> _Try it_: Would you restate the listing word for word, with the images omitted?

> _Data shown_:
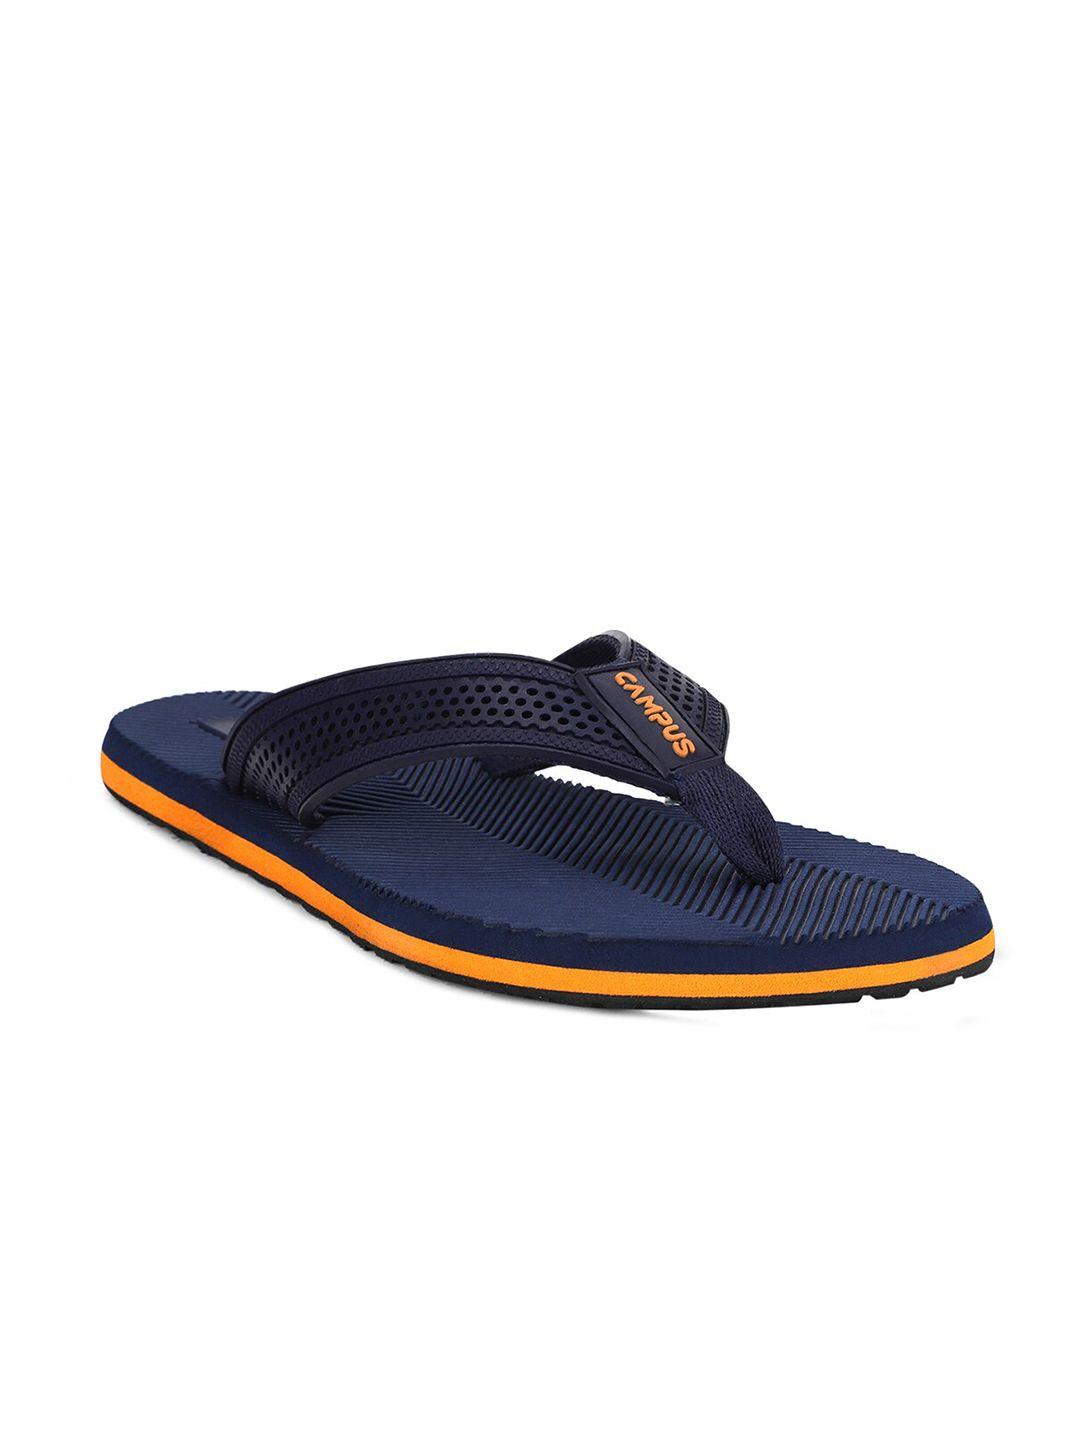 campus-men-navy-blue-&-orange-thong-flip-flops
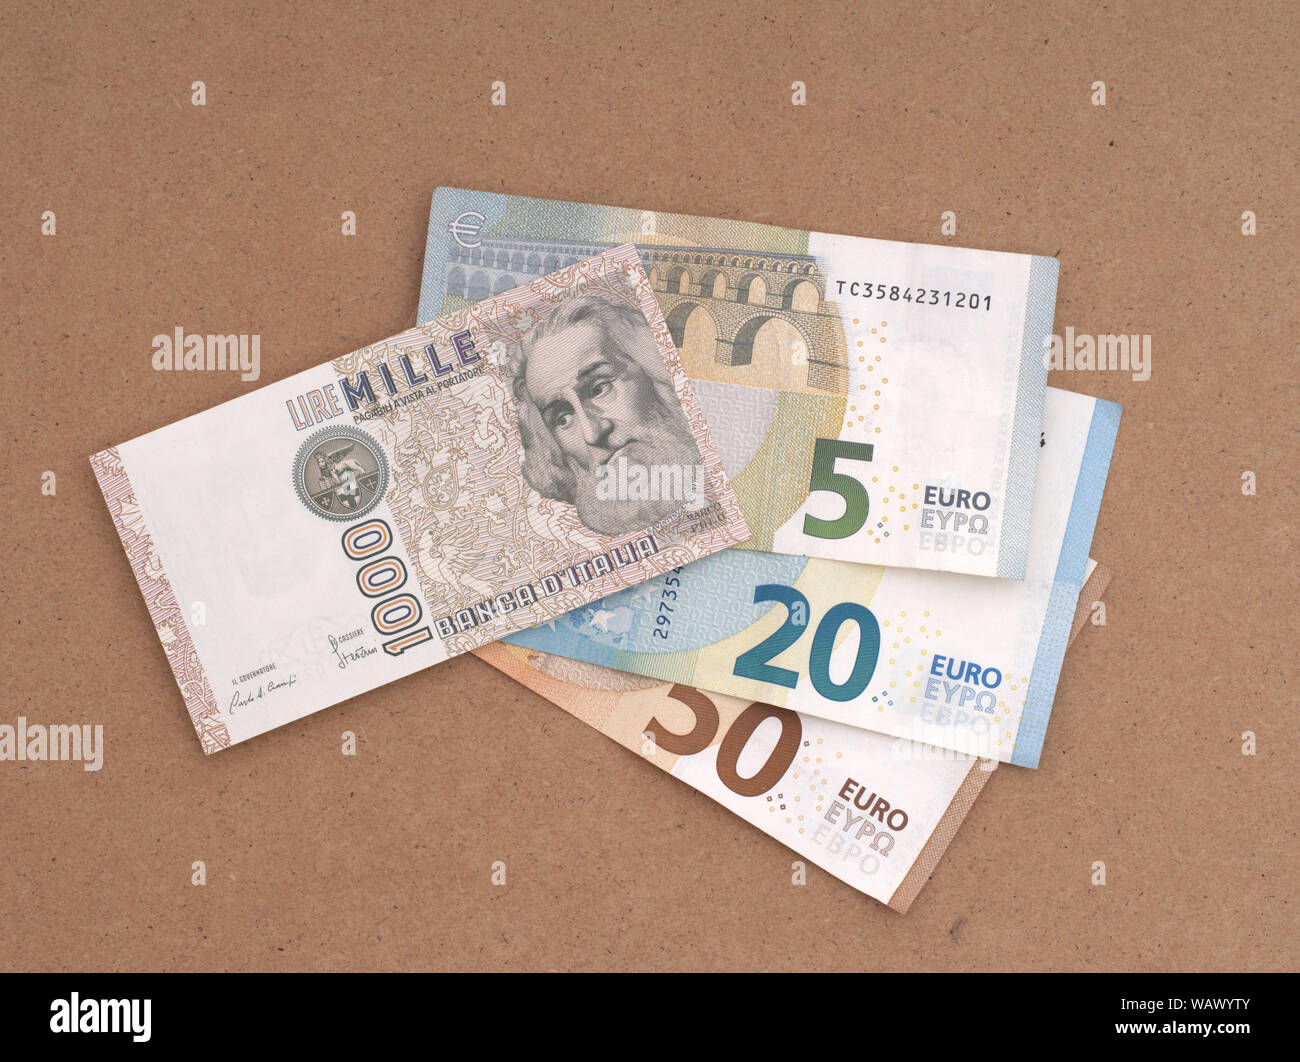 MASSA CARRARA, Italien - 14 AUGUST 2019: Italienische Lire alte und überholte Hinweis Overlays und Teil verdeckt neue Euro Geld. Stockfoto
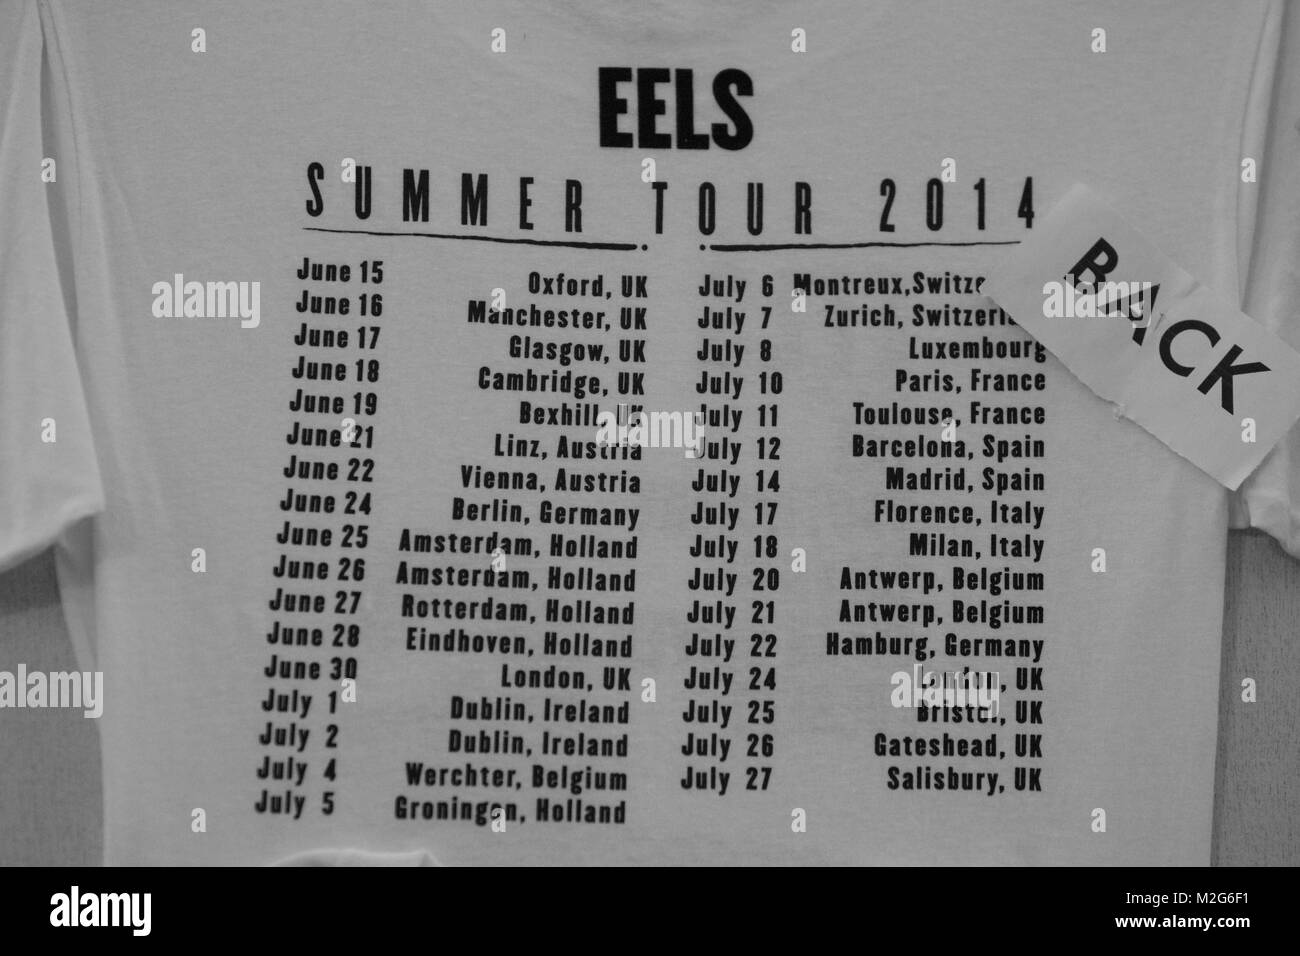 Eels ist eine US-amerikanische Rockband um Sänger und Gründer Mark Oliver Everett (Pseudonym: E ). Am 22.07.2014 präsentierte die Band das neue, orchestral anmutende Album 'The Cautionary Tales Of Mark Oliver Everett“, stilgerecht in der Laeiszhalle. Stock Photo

> _Solved problem_:
 campus-men-navy-blue-&-orange-thong-flip-flops
 MASSA CARRARA, Italien - 14 AUGUST 2019: Italienische Lire alte und überholte Hinweis Overlays und Teil verdeckt neue Euro Geld. Stockfoto
 Eels ist eine US-amerikanische Rockband um Sänger und Gründer Mark Oliver Everett (Pseudonym: E ). Am 22.07.2014 präsentierte die Band das neue, orchestral anmutende Album 'The Cautionary Tales Of Mark Oliver Everett“, stilgerecht in der Laeiszhalle. Stock Photo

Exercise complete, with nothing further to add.